Differential Actions of PKA and PKC in the Regulation of Glutamate Release by Group III mGluRs in the Entorhinal Cortex

D. Ieuan Evans, Roland S. G. Jones, and Gavin Woodhall

Department of Physiology, School of Medical Sciences, University of Bristol, Bristol BS8 1TD, United Kingdom

Evans, D. Ieuan, Roland S. G. Jones, and Gavin Woodhall. Differential Actions of PKA and PKC in the Regulation of Glutamate Release by Group III mGluRs in the Entorhinal Cortex. J. Neurophysiol. 85: 571-579, 2001. In a previous study we showed that activation of a presynaptically located metabotropic glutamate receptor (mGluR) with pharmacological properties of mGluR4a causes a facilitation of glutamate release in layer V of the rat entorhinal cortex (EC) in vitro. In the present study we have begun to investigate the intracellular coupling linking the receptor to transmitter release.
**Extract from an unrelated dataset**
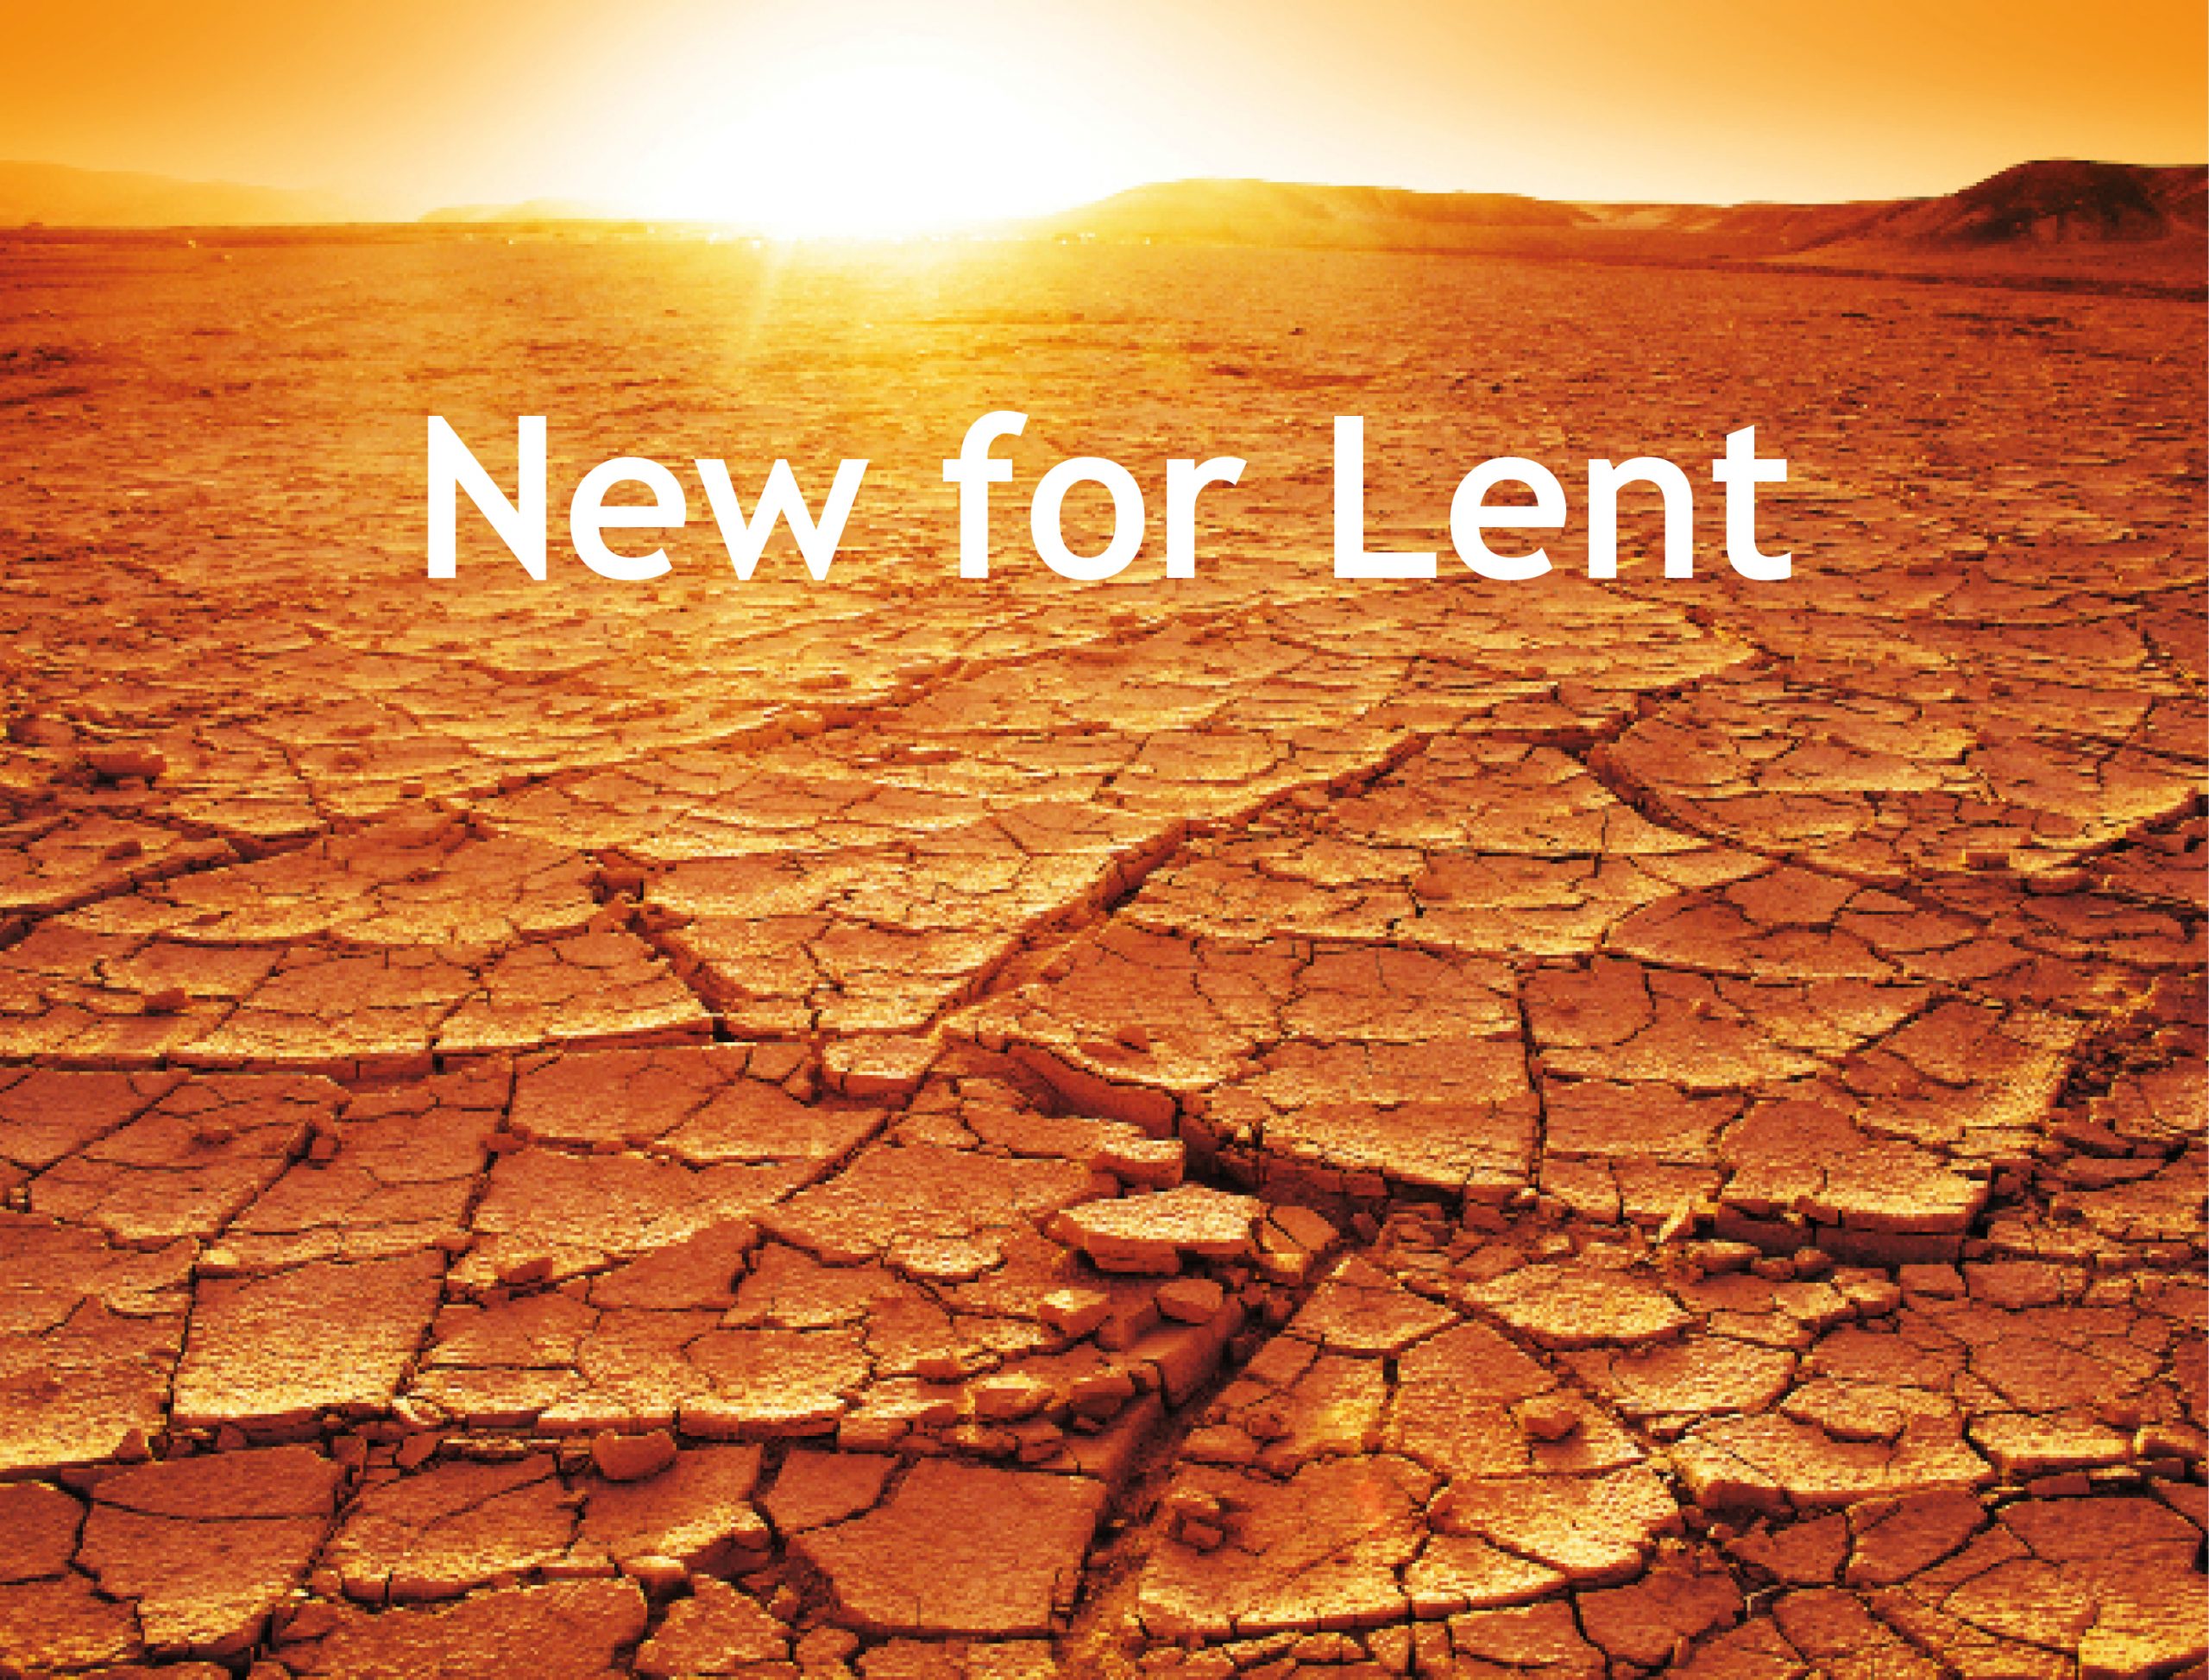 New book reviews for this Lent

We recorded spontaneous alpha -amino-3-hydroxy-5-methyl-4-isoxazolepropionic acid receptor-mediated excitatory postsynaptic currents (EPSCs) in the whole cell configuration of the patch-clamp technique, from visually identified neurons in layer V. Bath application of the protein kinase A (PKA) activator, forskolin, resulted in a marked facilitation of EPSC frequency, similar to that seen with the mGluR4a specific agonist, ACPT-1. Preincubation of slices with the PKA inhibitor H-89 abolished the effect of ACPT-1, as did preincubation with the adenylate cyclase inhibitor, SQ22536. Activation of protein kinase C (PKC) using phorbol 12 myristate 13-acetate (PMA) did not affect sEPSC frequency; however, it did abolish the facilitatory effect of ACPT-1 on glutamate release. A robust enhancement of EPSC frequency was seen in response to bath application of the specific PKC inhibitor, GF 109203X. Both H-89 and the group III mGluR antagonist (RS)-alpha -cyclopropyl-4-phosphonophenylglycine (CPPG) abolished the effects of GF 109203X. These data suggest that in layer V of the EC, presynaptic group III mGluRs facilitate release via a positive coupling to adenylate cyclase and subsequent activation of PKA. We have also demonstrated that the PKC system tonically depresses transmitter release onto layer V cells of the EC and that an interaction between mGluR4a, PKA, and PKC may exist at these synapses.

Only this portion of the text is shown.